暗示、というよりはむしろ自己暗示、の果たす役割を正しく理解するためには、意識していない自己というものが、われわれのあらゆる機能をつかさどる最高管理者であることを知ればじゅうぶんである。 正常に機能していない器官があれば、先述したとおり、その器官は自らの機能を付移行すべきであるということを信じこませる。 そうすれば、ただちにその命令が伝達されて、その器官は素直にいうことをきき、即座に、もしくはすこしずつ、正常な機能を営むようになろう。 以上の説明から、暗示の力で出血をとめ、便秘を止まらせ、繊維性腫瘍を消し、麻痺・結核性障害・静脈瘤性潰瘍をなおしうるわけが簡単明瞭になったと思う。
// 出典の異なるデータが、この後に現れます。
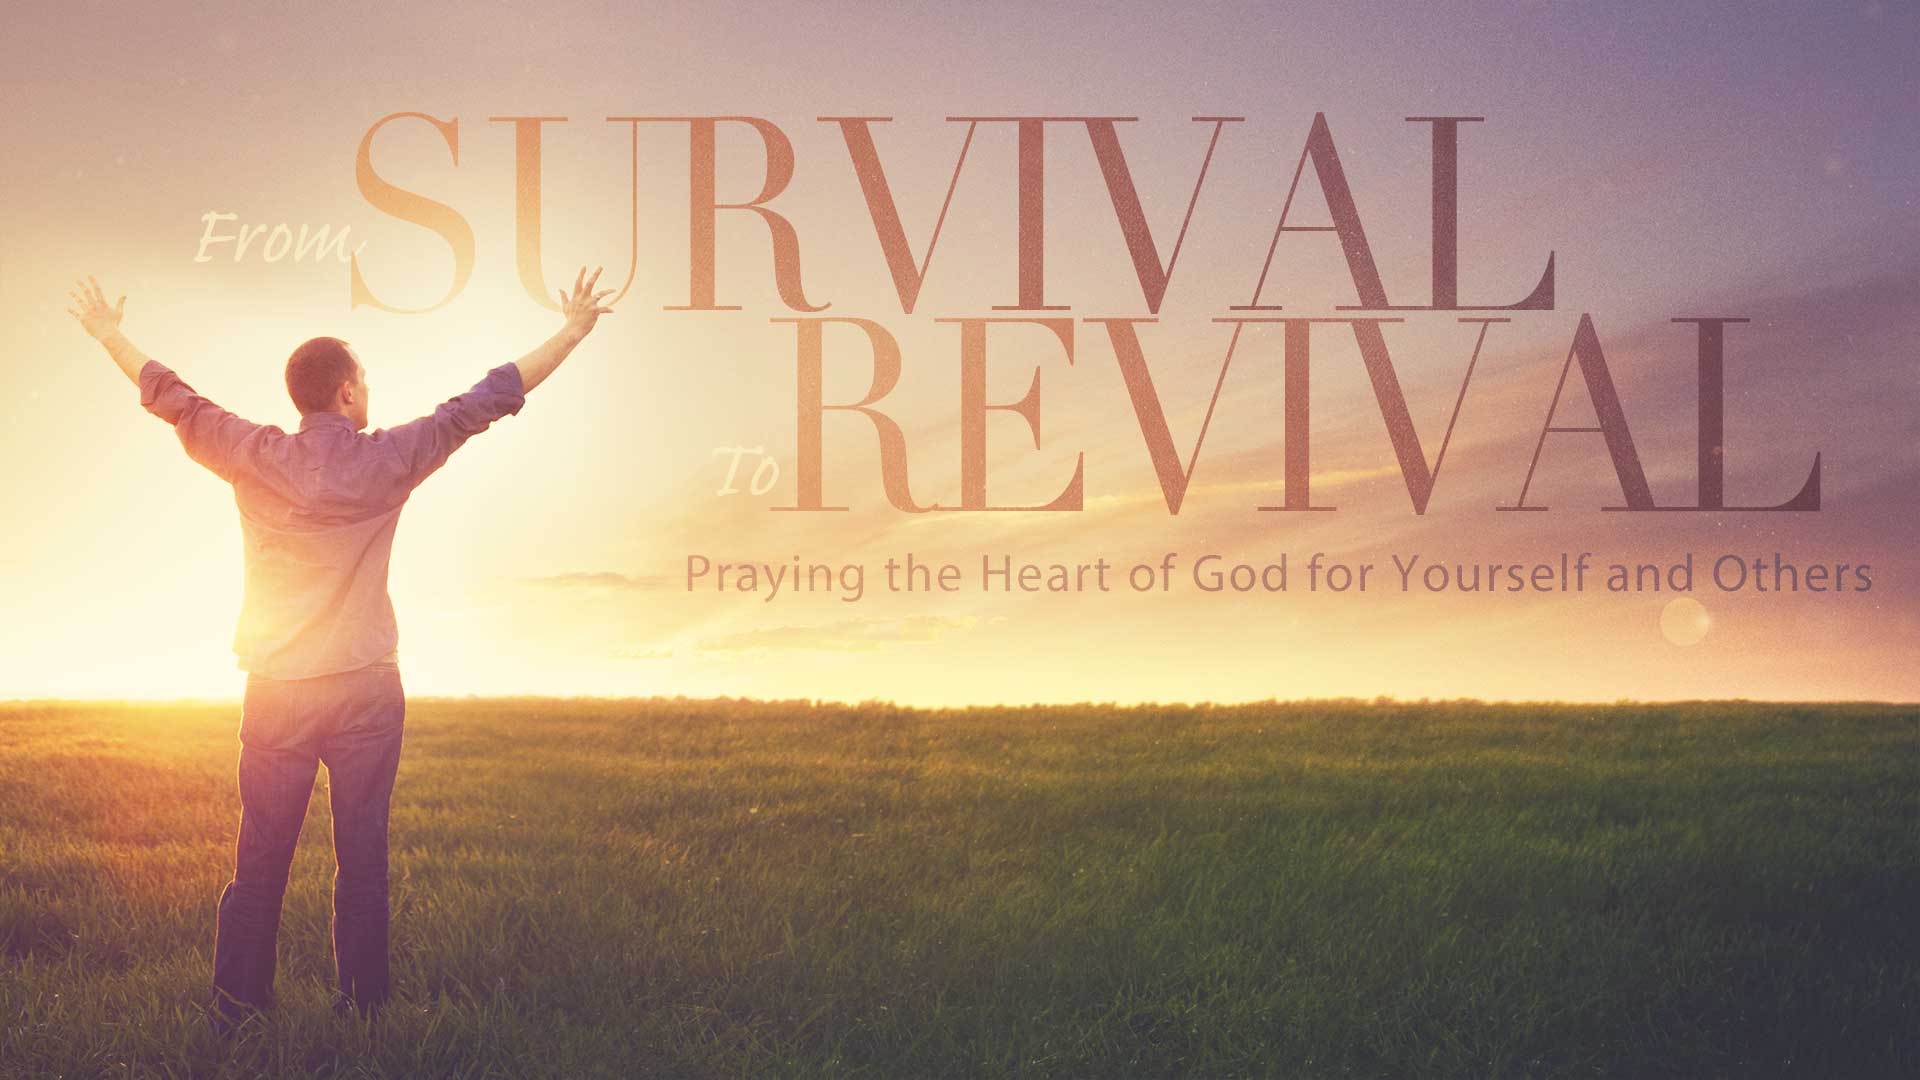 From Survival To Revival: Week 9 Image

一例として、トロワの歯科医師ゴーテ氏の診察室で、たまたま観察する機会をえた抜歯後の出血という症状をあげてみよう。 私は、八年来の喘息に悩んでいた若い女性を治療したことがあったが、彼女がある日やってきて、歯を一本抜きたいという。 私は、彼女が非常に敏感なのを知っているので、手術をなんとも思わぬようにしてあげようと申し出た。 彼女はもちろん喜んでこの申し出をうけいれ、われわれはゴーテ氏と手術日を打ち合わせた。 当日ゴーテ氏の診察室で、私は彼女と向い合って立ち、彼女を凝視しながら「あなたは何も感じない、あなたは何も感じない……」と暗示をはじめ、なおも続けながらゴーテ氏に合図を出した。 一瞬のうちに、彼女が髪一本動かす間もなく歯は抜かれた。 だがその後で、よくあることだが、出血がはじまった。 そこで私は、ゴーテ氏に、止血剤を用いず、暗示をかけてみてはどうかと提案した。 もちろん、あらかじめどういう結果になるか知っていたわけではない。 私をじっとみつめるよう彼女に命じ、「二分間のうちに出血は自然に止まるだろう」と暗示をかけて、われわれは待った。 彼女はさらに一、二回血を吐き出したが、もうそれっきりだった。 私は彼女に口を開かせ、ゴーテ氏とともにのぞいてみたら、血が歯腔の中でかたまっているのがわかった。 – 136-137ページ

動物たちの強さは、実は「想像力」によるものなのではないでしょうか。